Local

UB's Misleading Local Food Program

by / May. 24, 2016 8am EST

According to UB Campus Dining & Shops, the school spent nearly $4 million on locally sourced food in 2015; however, at least some of that money isn’t buying the vine-ripened tomatoes and bunches of fresh-cut kale that come to mind when you hear the words “local food.”

“We make #UBuffalo a little greener — and healthier — with fresh, local food on campus EarthWeek2016,” reads a tweet posted to the University at Buffalo’s main announcement account @UBNow on April 20th. The tweet is accompanied by a stock photo of tomatoes ripening on vines that bears the caption: “By working directly with local farms to design menus around harvest dates, we’re supporting the farm-to-table movement and serving meals that are healthier for everyone (including mother nature)”.

A post on the UB Campus Dining & Shops website touts the program as a benefit to both the environment and the local economy:

Several studies have shown that when you buy from an independent, locally-owned business, rather than a nationally-owned businesses, significantly more of your money is used to make purchases from other local businesses, service providers, and farms in order to strengthen the economic base of the community. And local businesses are owned by people who live in this community, are less likely to leave, and are more invested in the community’s future. This aids in economic sustainability for your region.

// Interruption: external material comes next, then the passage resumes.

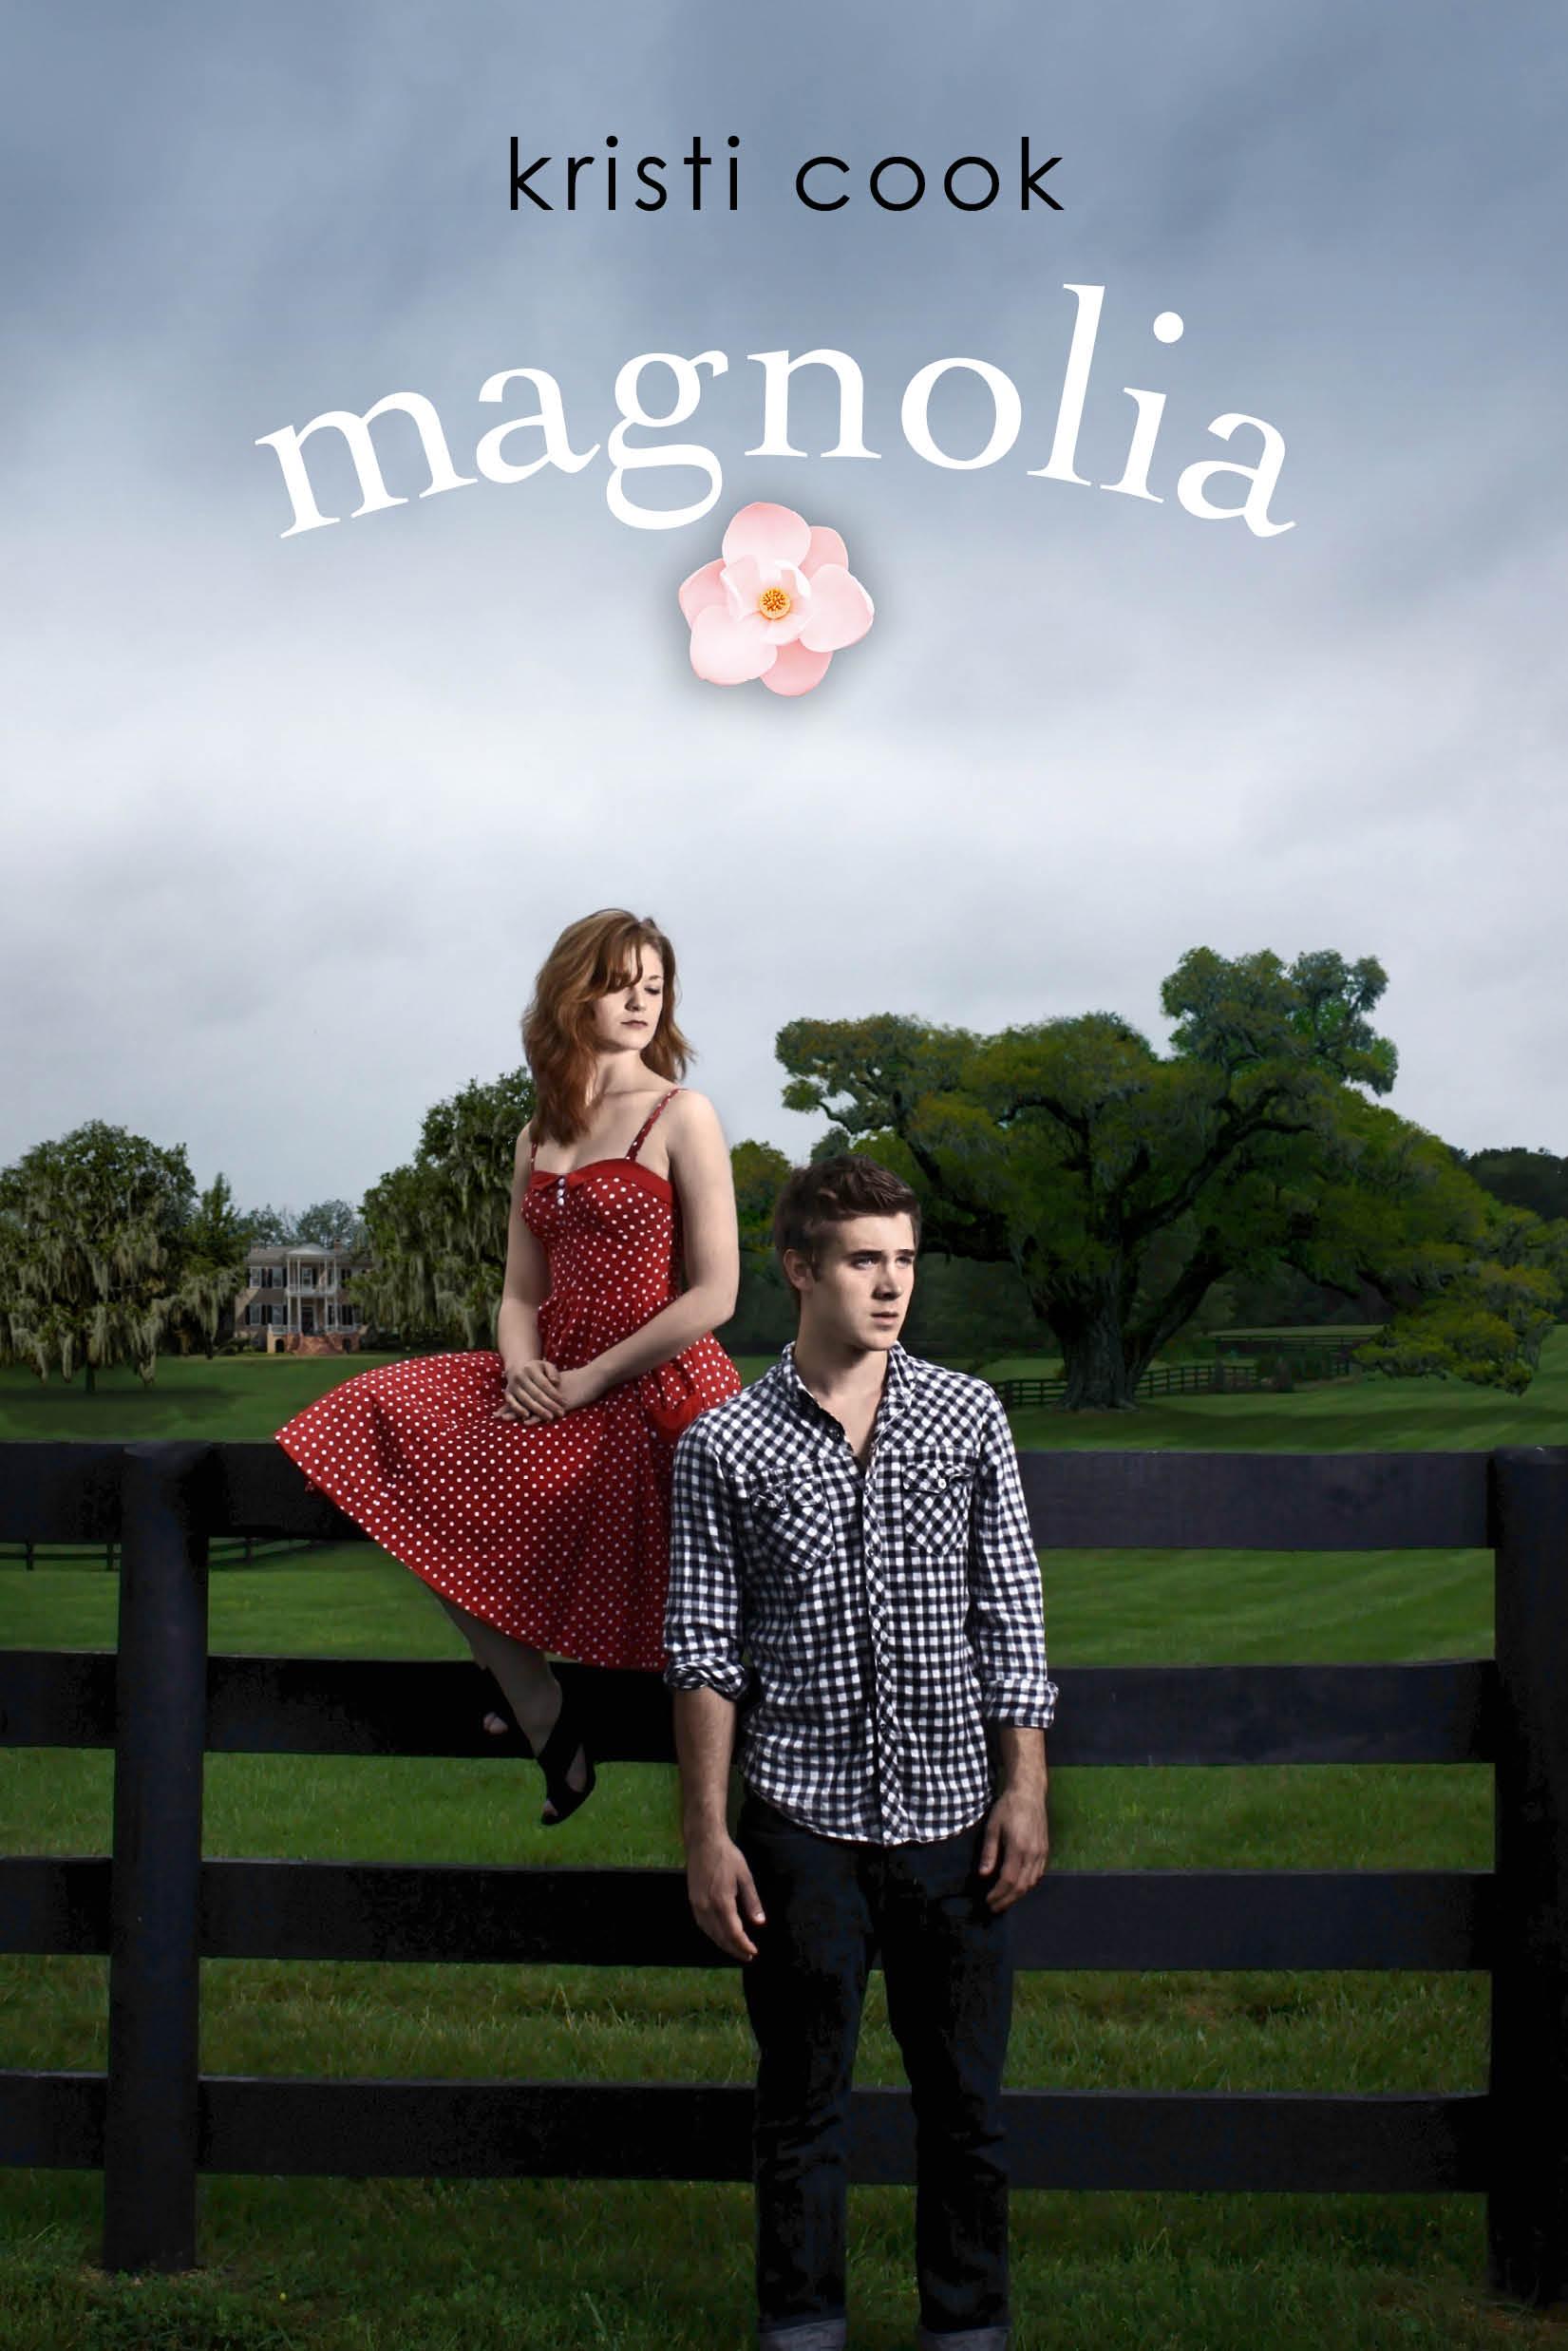 Magnolia 9781442485341 hr

The post goes on to refer to UB’s “Made In/Grown In New York” program which “spent $3.9 million in food purchases with local vendors,” giving the impression that UB sources close to $4 million of its food from independent producers and growers owned by Western New Yorkers.

Looking at UB’s list of local vendors reveals that this is not entirely the case.

In addition to local producers like Costanzo’s Bakery in Cheektowaga and farms like Bowman Farms in Gowanda, UB’s local vendors include Desiderio’s Produce in the Clinton Bailey food terminal, which distributes foods imported from all over the country, and Regional Distributors, a Rochester company that distributes janitorial and food service products by a variety of manufacturers.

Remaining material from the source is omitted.